The main focus of that study was UD’s Ecology Woods. Now, FRAME has added more than 20 other fragments, leading to a broader discussion.

Deciduous forest fragments

D’Amico said those sites are meant to be representative of the ecology of urban deciduous forest fragments and that most of the sites are in northern Delaware, with some stretching into Pennsylvania. He explained that there are a lot of deciduous forests located in highly populated areas of the world. 

“Deciduous forests that are heavily populated hold about a quarter of the Earth’s population and what you’d be talking about is a big piece of China, Europe and the eastern U.S., so these are places that are heavily populated and the deciduous forest is really the biome,” said D’Amico. 

For example, the strip of urbanized area that is about 100 kilometers from the Atlantic coast of the United States is one of the most densely populated areas in the whole world and it is full of small forest fragments. 

“Those contain the biodiversity and the wildlife that requires a forest. That’s where it all is, in small forest fragments,” said D’Amico. “So imagine thousands and thousands, tens of thousands of small forest fragments that comprise the forests that dot the entire East Coast. The FRAME is meant to be representative of those, especially in the Mid-Atlantic and especially in the United States.” 

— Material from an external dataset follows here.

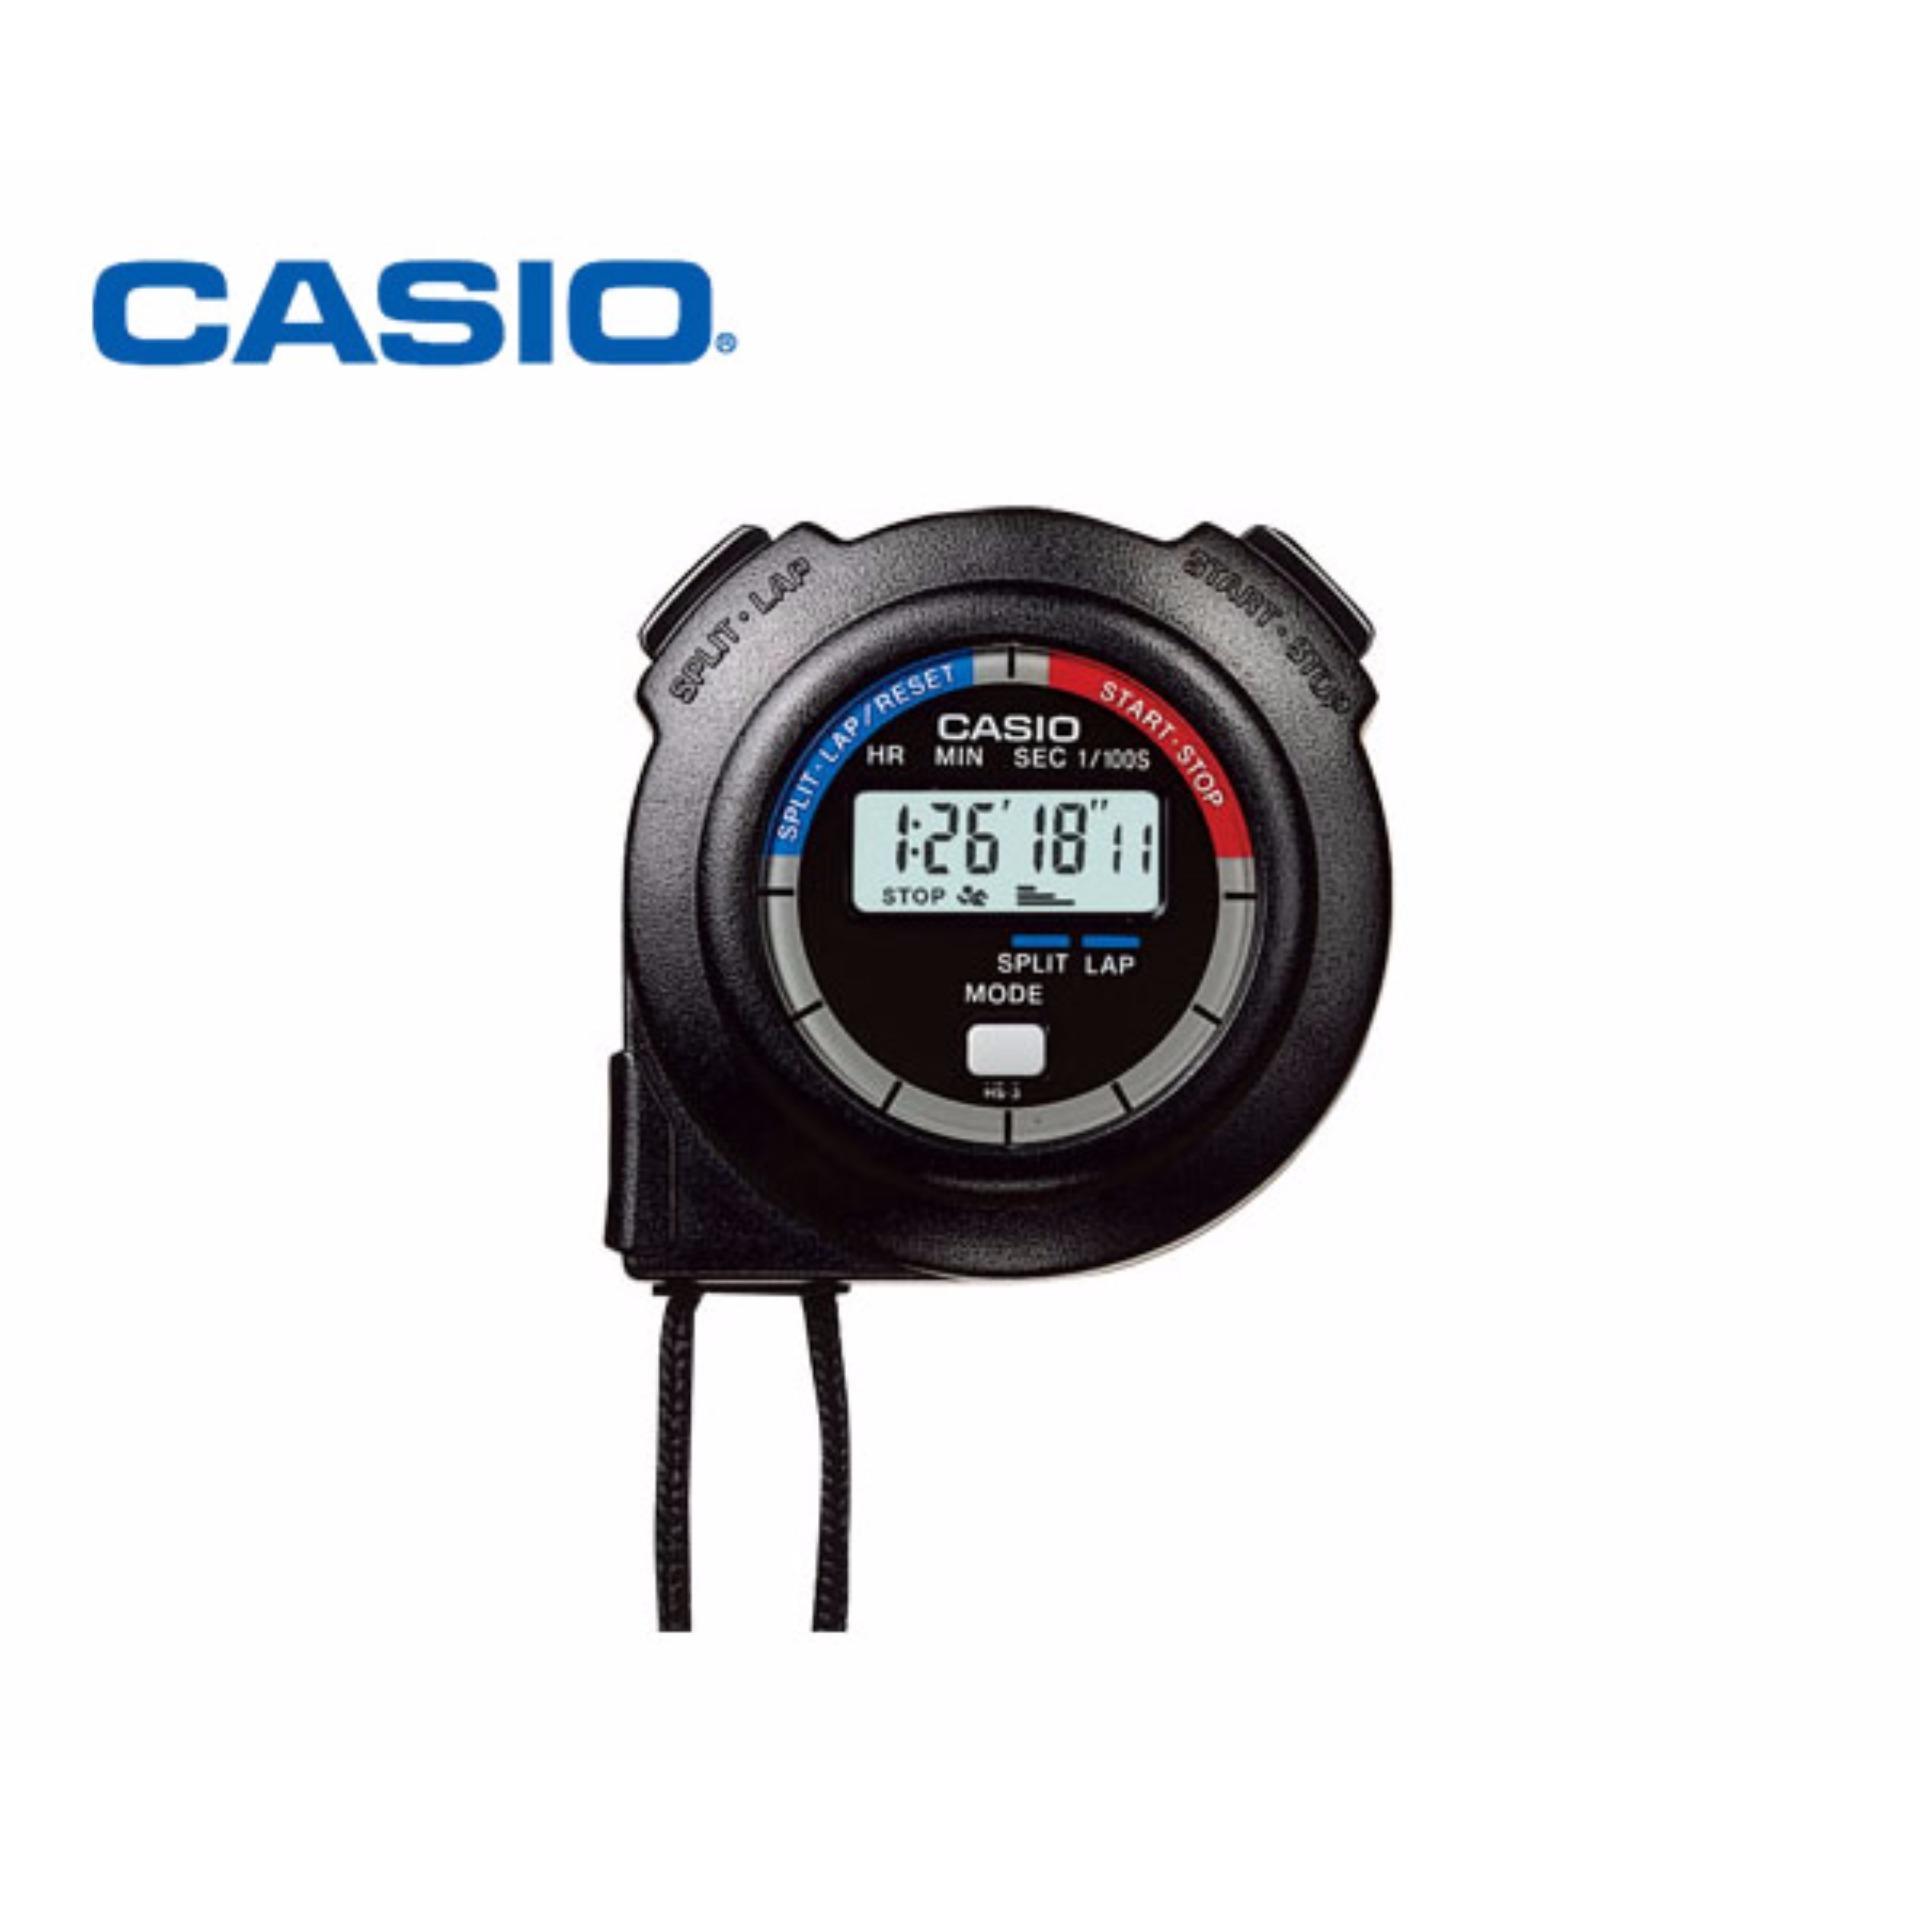 Stopwatch Casio HS-3V Digital - Stop Watch Casio

The goal of the FRAME project is to provide useful recommendations for improving ecosystem function, with an emphasis on ecosystem services. 

Since its humble beginnings, the project has grown geographically, adding collaborators at the University of Pennsylvania and the University of California, Riverside. 

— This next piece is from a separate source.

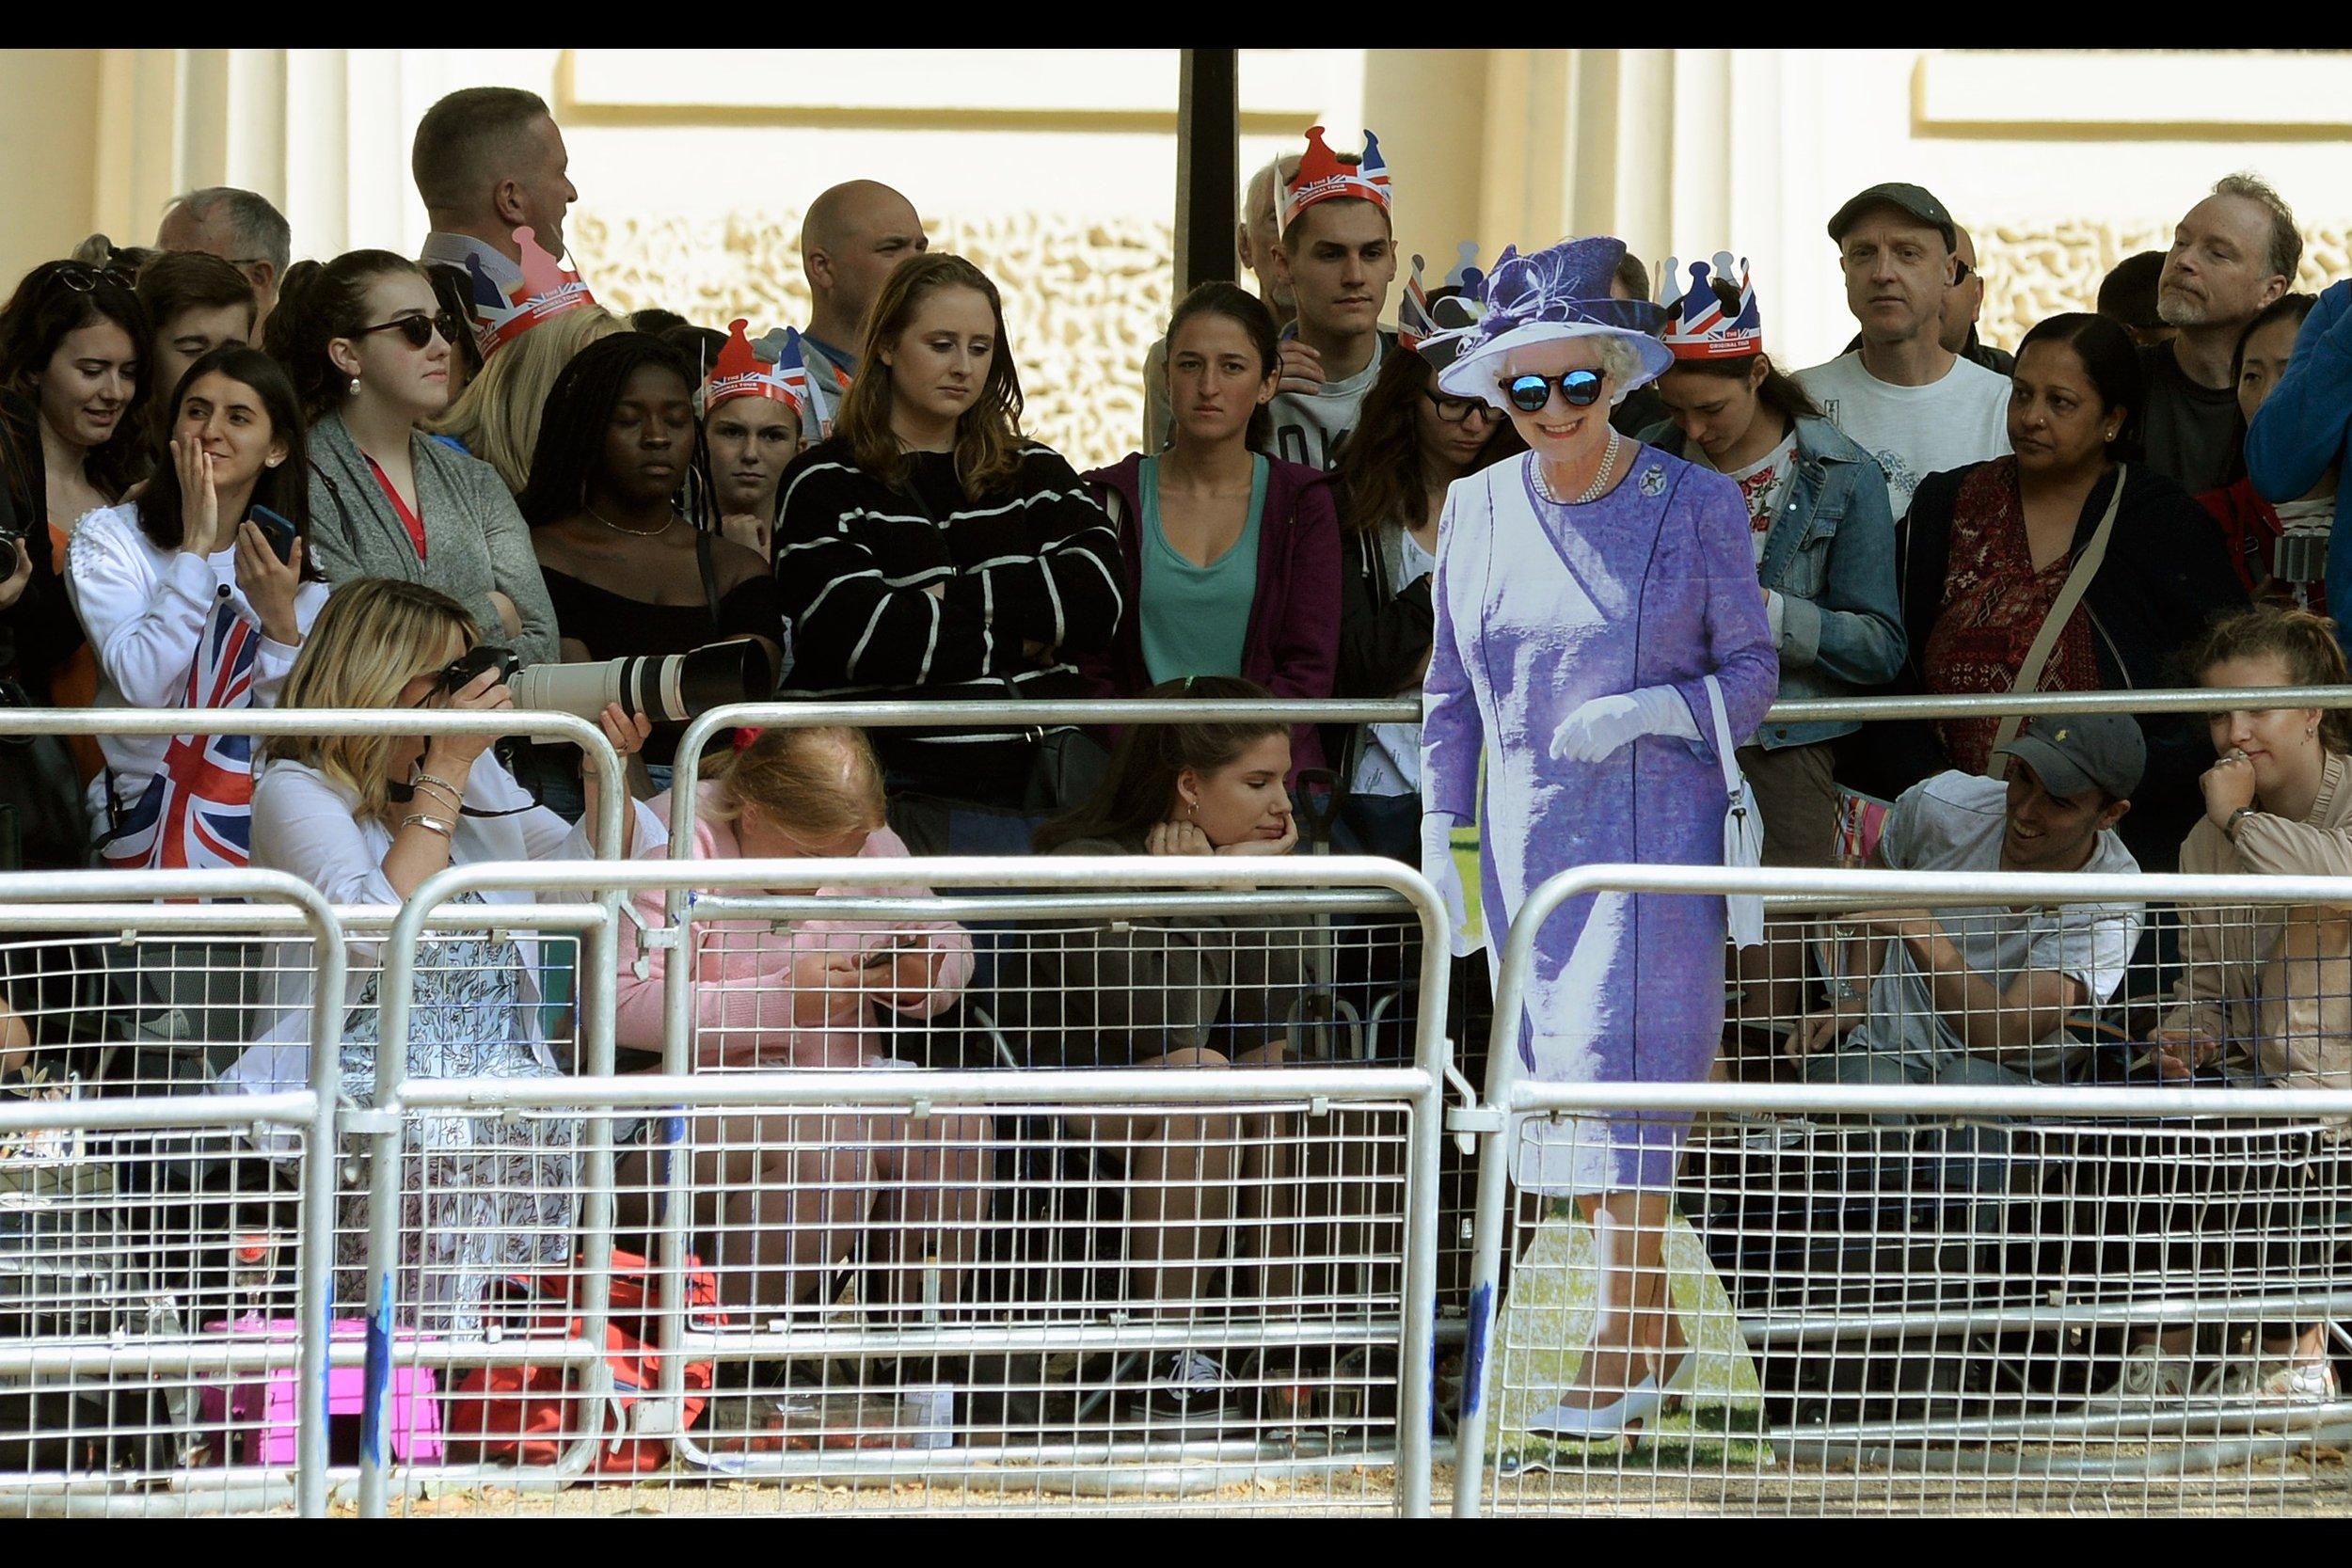 Looks like I can go home early - I've photographed Her Majesty already!

“We’re studying as many aspects of urban forest ecology as we can, starting with the soil and then moving up to higher trophic levels like birds and mammals and reptiles,” said D’Amico.

Other research projects

With his work being done in collaboration with UD, D’Amico said those projects that include students provide them hands-on experience with Forest Service research.

Other research projects with which D’Amico is involved include restoring iconic tree species such as the American elm, which was wiped out in the early part of the last century. 

Because of selective breeding, there are now varieties that are tolerant of Dutch elm disease, which devastated the population. 

D’Amico said one of the varieties of elm that he and other researchers are planting is called “Delaware,” and he is hoping that there will be plantings throughout the FRAME sites to see how these disease resistant varieties function in the ecology of urban forests.

“I’m interested to see if these tolerant trees, which have been selected to survive diseases, will play the same role as their predecessors when they’re put into the general forest ecology of the area,” said D’Amico. 

As for how these collaborative research projects such as FRAME come about, D’Amico said that because he is in the Department of Entomology and Wildlife Ecology every day, there is a mutual understanding. 

“If there’s a problem that concerns urban forests, then I’m likely to look for someone at a university to work on it with me for many reasons, including so that a student can be included, and the University of Delaware is the first place I look,” said D’Amico. “The department is excellent and has really been on nothing but an upward trajectory for the past 10 years.”